Para ficar mais com a Helena, faço qualquer coisa. Por isso, limei o dormir. Durmo o que dá. Coloco na cama à noite, levo para a natação, acompanho no que posso e deito às 4 e meia da manhã. Estou cansada já faz um tempo, mas tenho uma realidade bem diferente da maioria das mulheres. Não preciso ficar cinco horas do meu dia na condução. Sou privilegiada e tenho consciência disso. Sendo mãe, posso dizer que a maternidade é muito pouco celebrada. O cara troca uma fralda e as pessoas batem palmas. Claro, seu filho faz cocô, parabéns, viu?
CLAUDIA: Como é a relação com sua mãe?
Ela sempre me inspirou muito. Tenho um pai maravilhoso, presente, mas ela, produtora e atriz, 30 anos mais velha do que eu, foi meu alicerce. Somos muito próximas. Minha mãe teve uma vida agitada, ela era nômade. Até os 19 anos, quando fui morar sozinha, vivemos em 20 endereços diferentes em diversos lugares do Brasil. Ela gostava de mudar. Às vezes era por trabalho; outras, não. Uma loucura! Em um ano, cheguei a morar em três estados. Para mim, foi bom. Como amo estudar, nunca repeti de ano e passei a criar estratégias para fazer amizades. Batia de porta em porta para saber onde tinha criança e falava: “Me chama pra brincar, por favor”.
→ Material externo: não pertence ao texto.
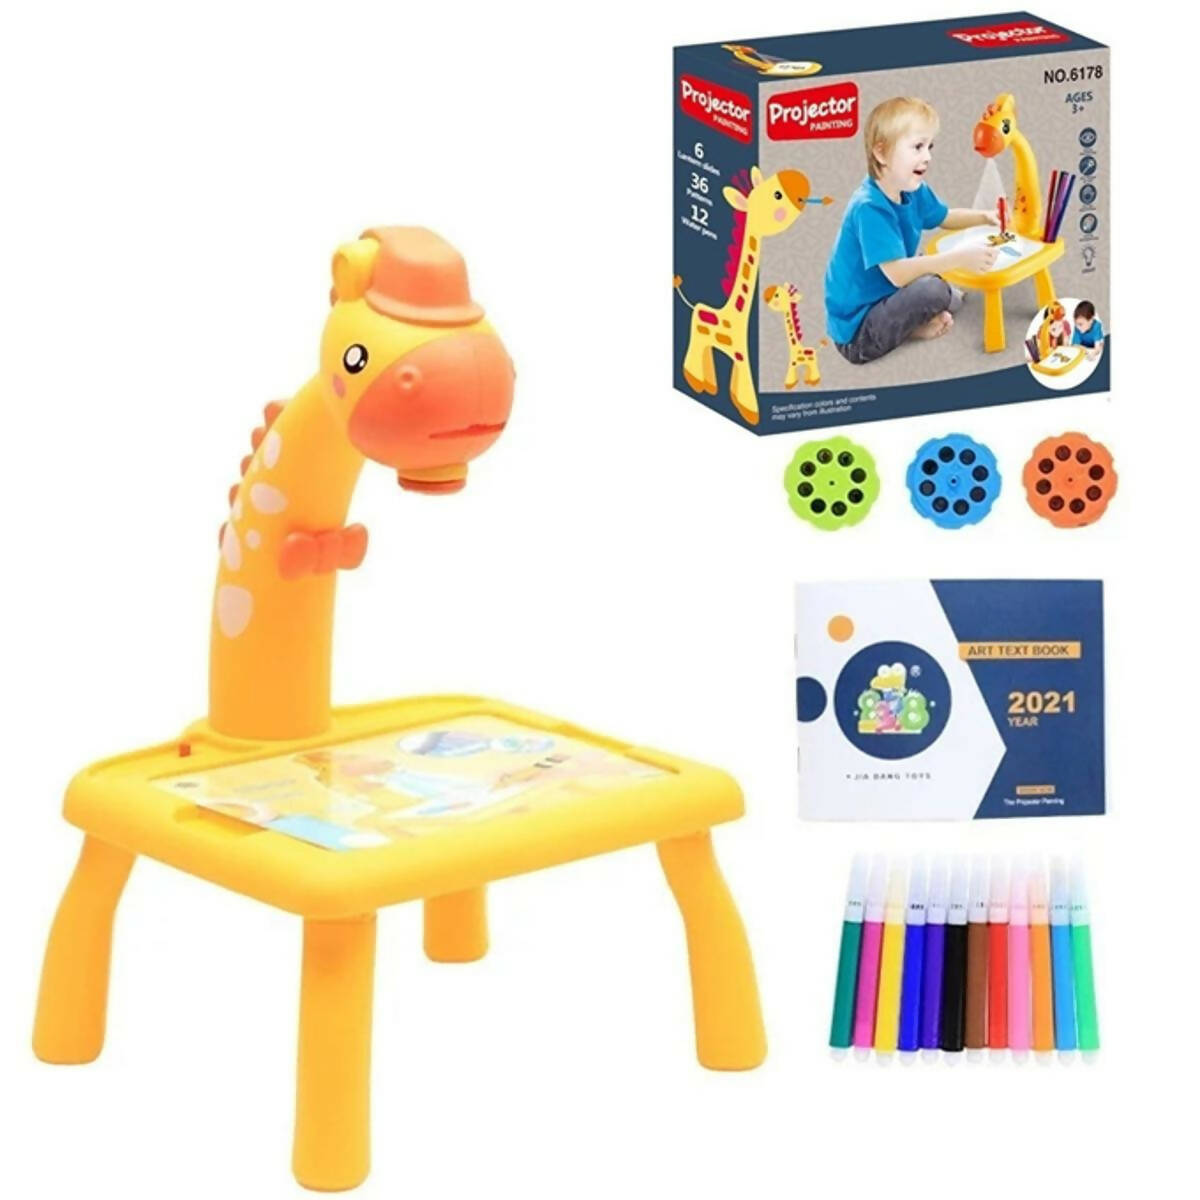 LED Giraffe Projector Painting Set for Kids – Yellow

CLAUDIA: Sua mãe a influenciou na carreira?
Ela era produtora de cinema, de teatro, de tudo. Fez até Rio Eco 92. Minha mãe dizia que não éramos classe média, mas classe artística. Às vezes tinha dinheiro; outras, não. E assim íamos. Em 1987, quando eu tinha 6 anos, precisavam de uma criança para representar um Hare Krishna mirim na peça Canibais Eróticos, do Ciro Barcelos. Assim virei atriz – entrava em cena incensando o teatro. Aos 7 anos, ganhei da minha mãe um livro de mitologia grega e passei a estudar grego arcaico. Eu me empenhei tanto que consegui ler os originais de Aristóteles, por exemplo. Isso ajudou na minha formação. Passava horas lendo e escrevendo e, aos 19 anos, redigi minha primeira peça de teatro. Logo em seguida, em 2000, fui chamada para colaborar com o seriado Sandy & Junior, na Globo, onde estou desde então. Fui roteirista de A Grande Família e de Joia Rara. Passei pelo Zorra Total também. O bordão “Tô pagando!” é meu!
CLAUDIA: Você fez um curso de roteiro com Gabriel García Márquez em Cuba. Como foi?
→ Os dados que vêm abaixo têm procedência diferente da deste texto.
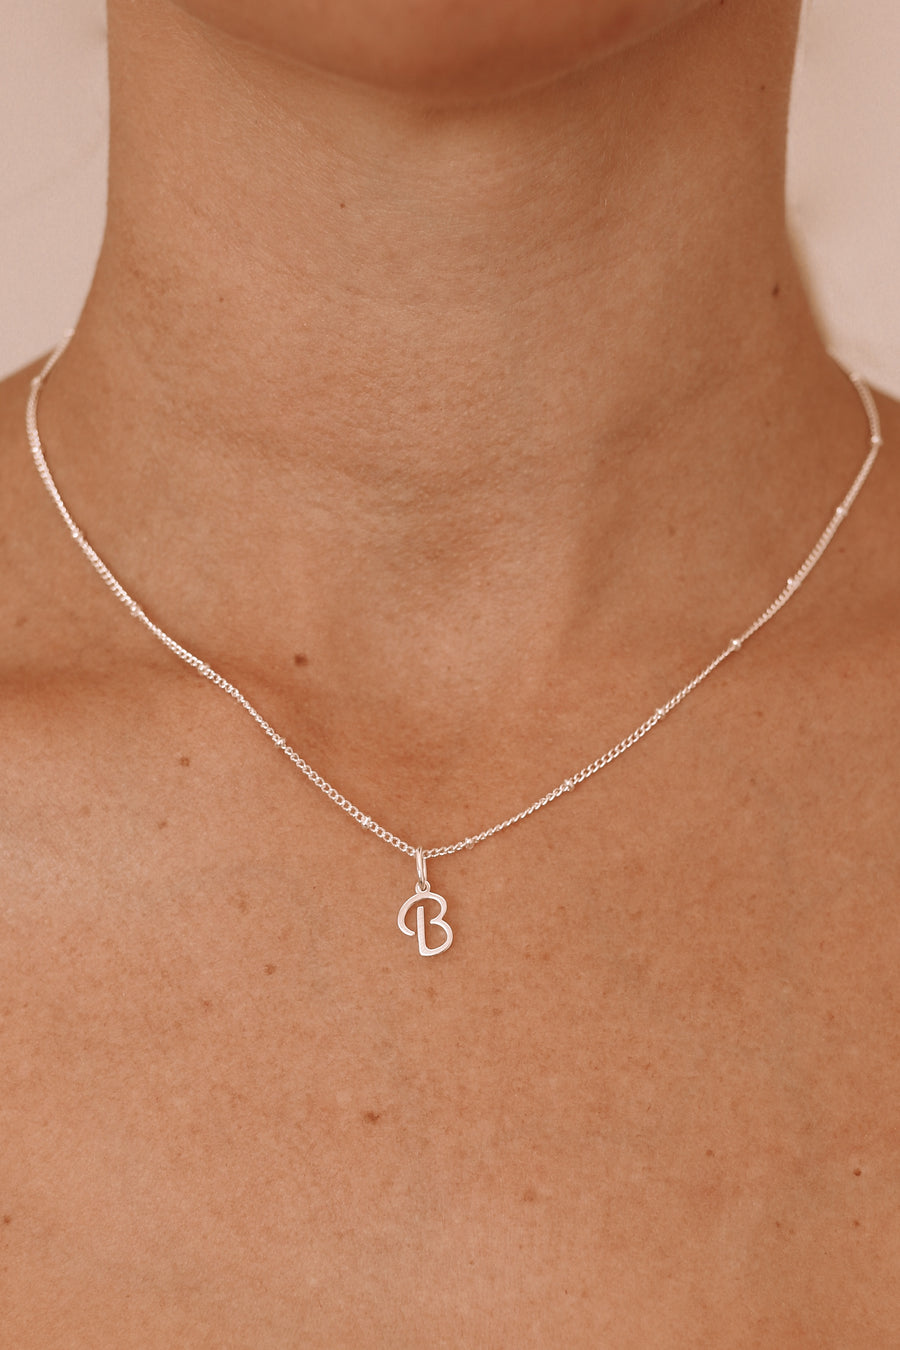 Sarah - Stainless Steel Letter Necklace

Imagina um dos maiores mestres da literatura dando aula. Eu tinha uns 27 anos, e a Escuela Internacional de Cine y TV abrira inscrições para roteiristas do mundo todo. Em umas das aulas, você mandava para Gabriel ideias que gostaria de desenvolver. Ele era incrivelmente impaciente com ideias ruins e dizia: “Si, si, mas cuál es la buena?” (em tradução livre, “sim, sim, mas qual é a boa?”). Não tinha condescendência, era um professor muito voraz. A experiência em Cuba foi além dele, foi algo para a vida. Fiquei um mês e voltei transformada. Um outdoor na rua avisava: “Hoje à noite, 500 milhões de crianças vão dormir na rua. Nenhuma delas é cubana”. E, realmente, não havia pessoas em situação de rua. Claro que isso foi há 15 anos e todos os regimes têm seus problemas.
CLAUDIA: Amor de Mãe fala da relação entre mães e filhos. Por que elegeu esse viés?
Quando comecei a escrever esse projeto, a sinopse era outra. Mas no meio do processo criativo me tornei mãe, e a novela mudou. A história nasceu com minha filha e precisava falar de maternidade. Toda mãe parece um ser mágico que não consegue fazer coisas para si mesma, mas faz pelos filhos. É uma figura central da civilização. Tem um poder fascinante. Ninguém quer fazer feio na frente da mãe, nem o pior dos assassinos. A mãe consegue entender e ir abraçar o filho assassino na cadeia no dia de visita. Tem uma ligação com a vida e com a solidariedade que ninguém mais tem. Precisamos exaltar essas características tão intrínsecas às mães. A novela é uma ode à mãe brasileira. Nosso país é feito de mulheres fortes e guerreiras.